1.30	March 11, 2001	Larry Kessler	· Added new log_flags definitions for EVL_INITIAL_BOOT_EVENT and EVL_KERNTIME_LOCAL · Added new event_type EVLOG_REGISTER_FAC · Added --verify option to evlfacility command · Updated facility registration function descriptions, and separated kernel from user-space versions. · For formatting templates, added a new section describing use of templates with log_formats of POSIX_LOG_NODATA and POSIX_LOG_STRING. · Numerous changes to reflect a change in the naming convention for formatting template .to files from eventtype_facility.to to facility.to · Added Appendix F. Facility names and facility code creation
1.40	June 6, 2002	Larry Kessler	· Rewrite of Log Management section (Section 6.5). · Added EVL_INTERRUPT and EVL_PRINTK for log_flags in event record header. · Removal of "6.3 Filtering of Event Records" since there are no plans to provide this. · Added 6.7.1 Enhanced printk · Added "host" as a new non-standard attribute for evlview. · Addition of new evlview options: --newlines, --private, --datefmt, --syslog, and --recid.
1.41	December 6, 2002	Jim Keniston	· Revised template-related documentation: effect of $LANG on template search; .to files now named using hex numbers, not decimal; Heather's enhancements formatting of array attributes; const structs

[1] Note that if the dimension attribute is zero, the array attribute is formatted as a null string, and the array is assumed to occupy no space in the event record. Thus a “Boolean” dimension attribute (taking the value zero or one) can be used to indicate the presence or absence of one or more other “array” attributes.
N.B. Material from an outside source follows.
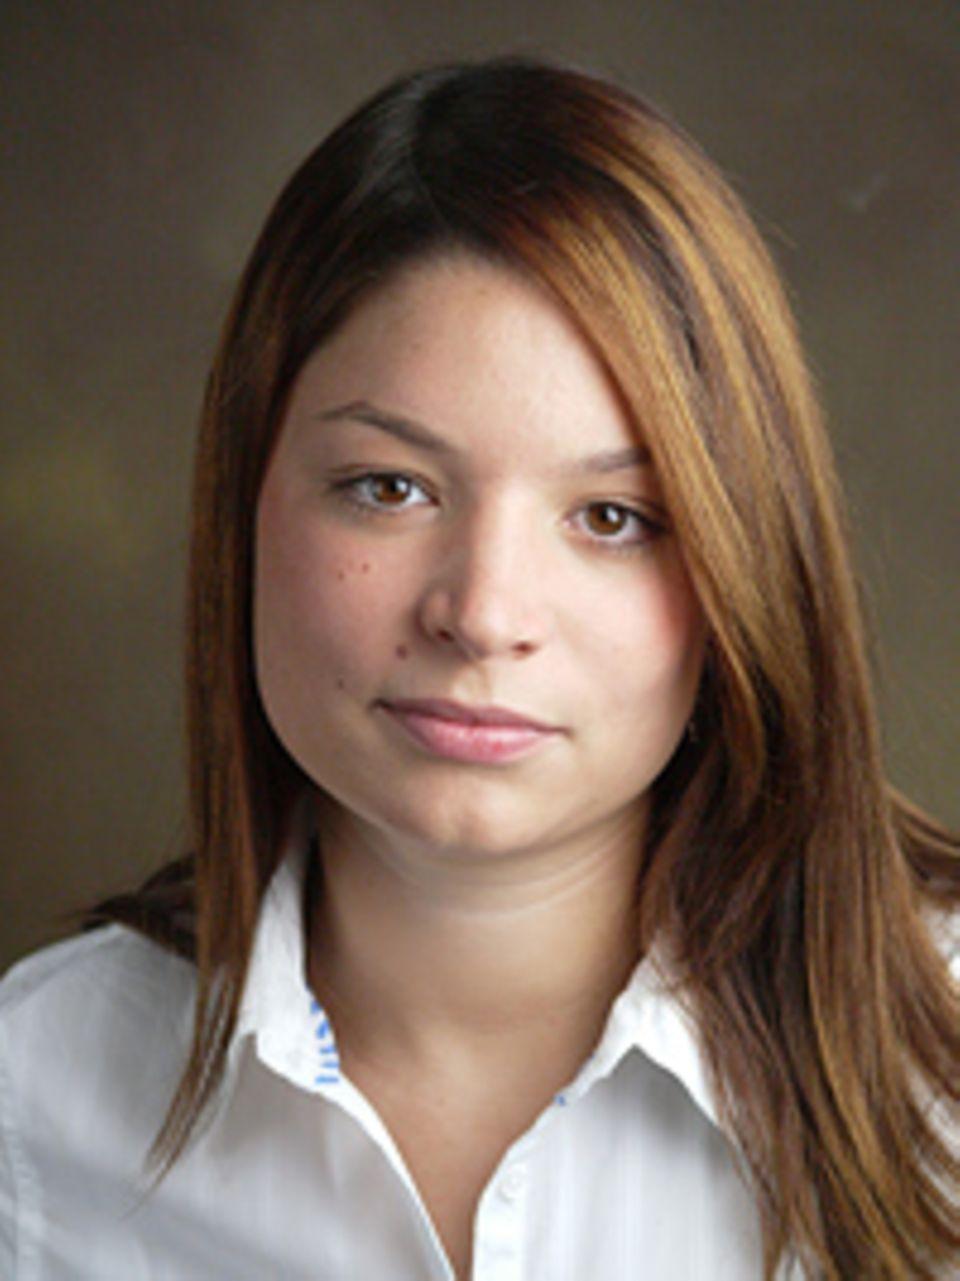 Studieren mit Stipendium: Svenja Damzog
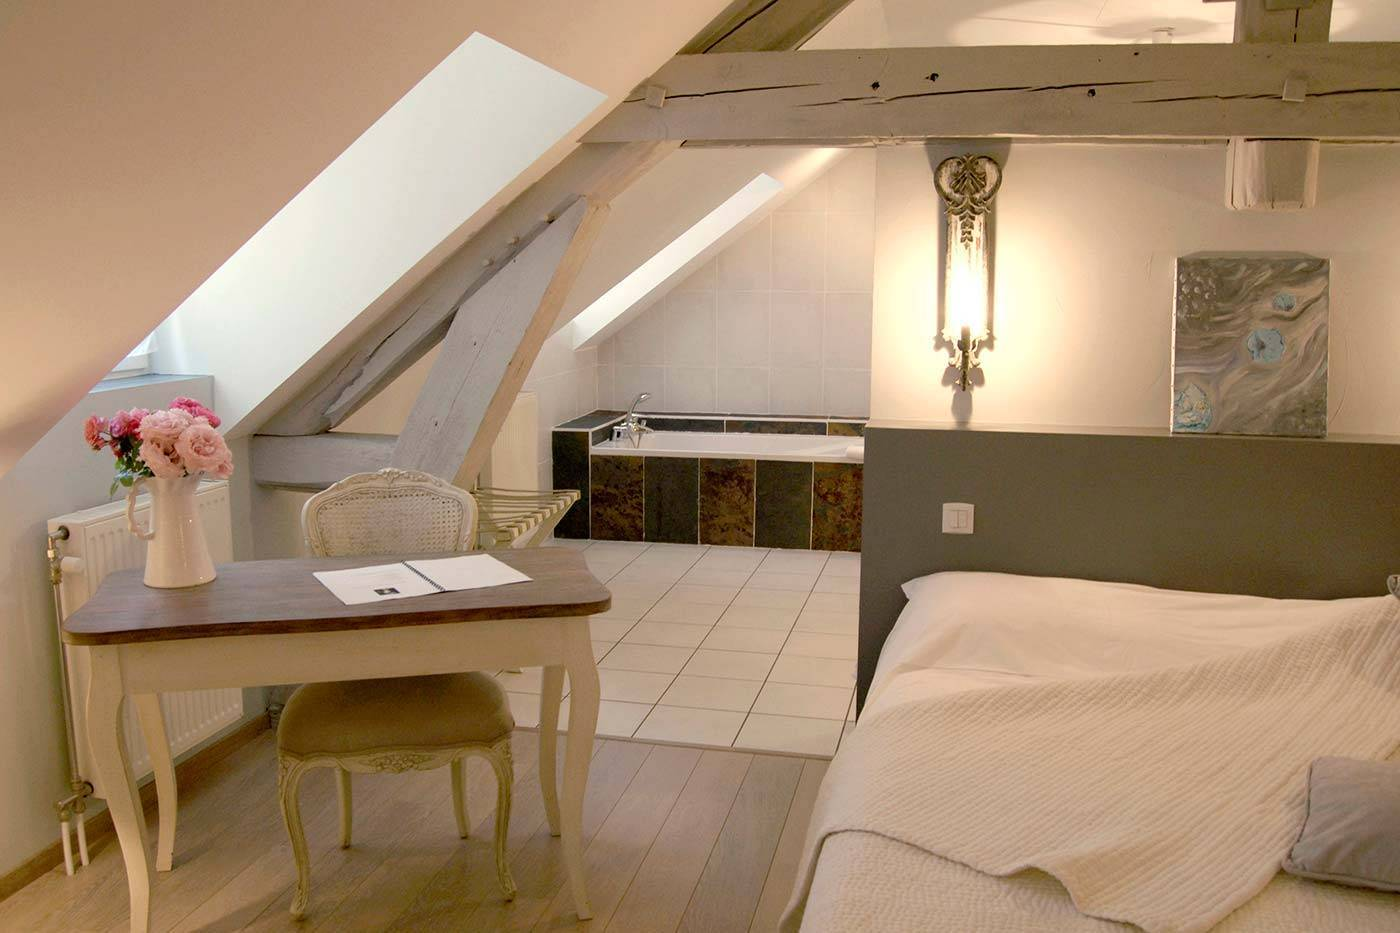 Charm 39 attitude chambre d 39 h te en bourgogne actualit vin par vinotrip - Chambre d hote en bourgogne ...

[2] Since it’s a low-precision timer (1 Hz), we’ll probably just leave it in place once it’s started, rather than turning it on and off multiple times per second. Once it expires, it won’t be restarted until duplicates start accumulating again.

[3] The age of an event record is “now” (as returned by time()) minus the record’s time stamp. “Now” is computed each time the query is evaluated against a record, not once at the time of the call to posix_log_query_add().

[4] For example, ‘age > 7’ is equivalent to ‘age > “7d”’.